QUESTION: I have a house that was built in the 1970s and that has a flat roof with a small parapet wall around it. Can I have a pitched roof put on top of the flat roof? Do homeowners ever do that?
ANSWER: Yes, you can do it. Probably you want to have one part of the roof slope toward the front of the house, and the other half sloping toward the backyard. The main objective in this kind of remodel is to find the load bearing walls where you can build the trusses. You’ll want to insulate inside, under the new roof and then you may be able to use that area for storage. What you need to do first is have a remodeler come out and tell you how the work could be done.
Q: I was trying to install an outside light and accidentally drilled a hole in the wrong place on the smooth stucco exterior finish of my house. So now I have a 1-1/2-inch diameter hole to fill. What can I do to fill it so it’s not visible?
A: It’s going to take some extra effort to make a hole that big “invisible” after it has been drilled into smooth stucco that doesn’t have some texturing. You need to start by plugging the hole with a dry, powdered product that you can buy at the hardware store. Mix the powder with a little water and fill the patch with the mixture. Then let it set and dry for a couple of days until the mixture cracks at the edges where the mixture and the stucco meet. Fill it again going six to eight inches out beyond the hole and let it dry again. Then smooth out the area. Finally, you will roll elastomeric stucco caulk over the area and let it set. Then you can repaint the stucco.
Q: My two-story house has stucco on the bottom and sheets of fiberboard siding on top.
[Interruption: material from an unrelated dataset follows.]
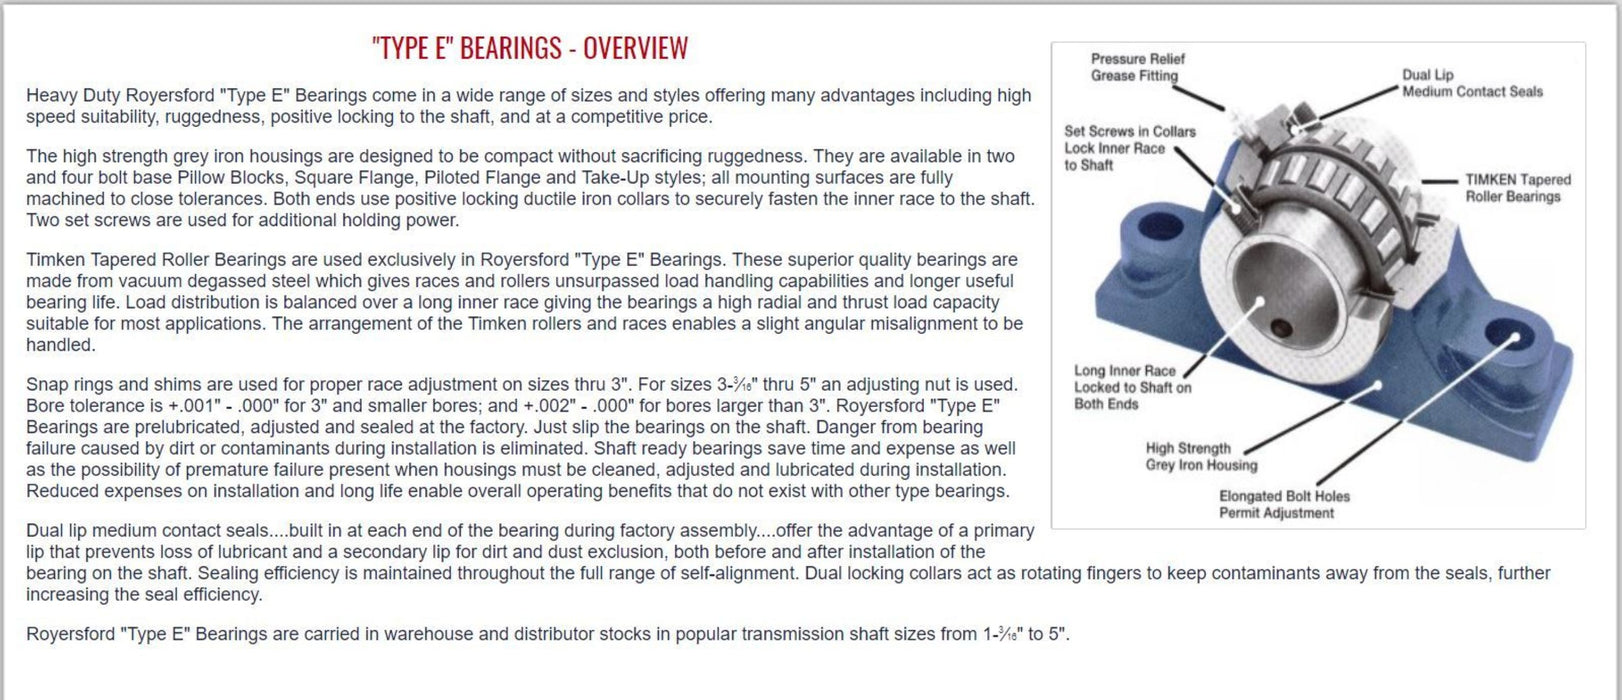 20-04-0303, Royersford Type E 4-Bolt Pillow Block Bearing, 3-3/16" with Timken Tapered Roller Bearings

Lately, the sheets of siding have been pulling away from the seams where nails are holding them in place. Could it be because of a leak problem that’s causing the sheets to swell? And how can I fix this?
A: It may just due to a lack of paint on the siding walls. You definitely want to control this problem or you could end up with serious damage to the house. Have a paint company come out to assess the problem with the siding. It’s possible you could stop it by resecuring the loose siding, caulking all the joints and nail holes and then putting a good coat of 100 percent acrylic paint on the exterior of your home.
Q: We recently got a quote for $5,400 for putting energy-savings paint on the ceilings inside our home. We have an 1,870 square-foot house that has no attic so we can’t upgrade the insulation in the attic. But we thought that possibly painting the interior ceilings could help reduce our utility bills in the summer. What do you think?
A: There is no such thing as “energy-saving” paint for use inside homes. That $5,400 quote would be a complete waste of money. Even if you could save 2 percent of your bill every month, you would never get your money back on this expensive paint job.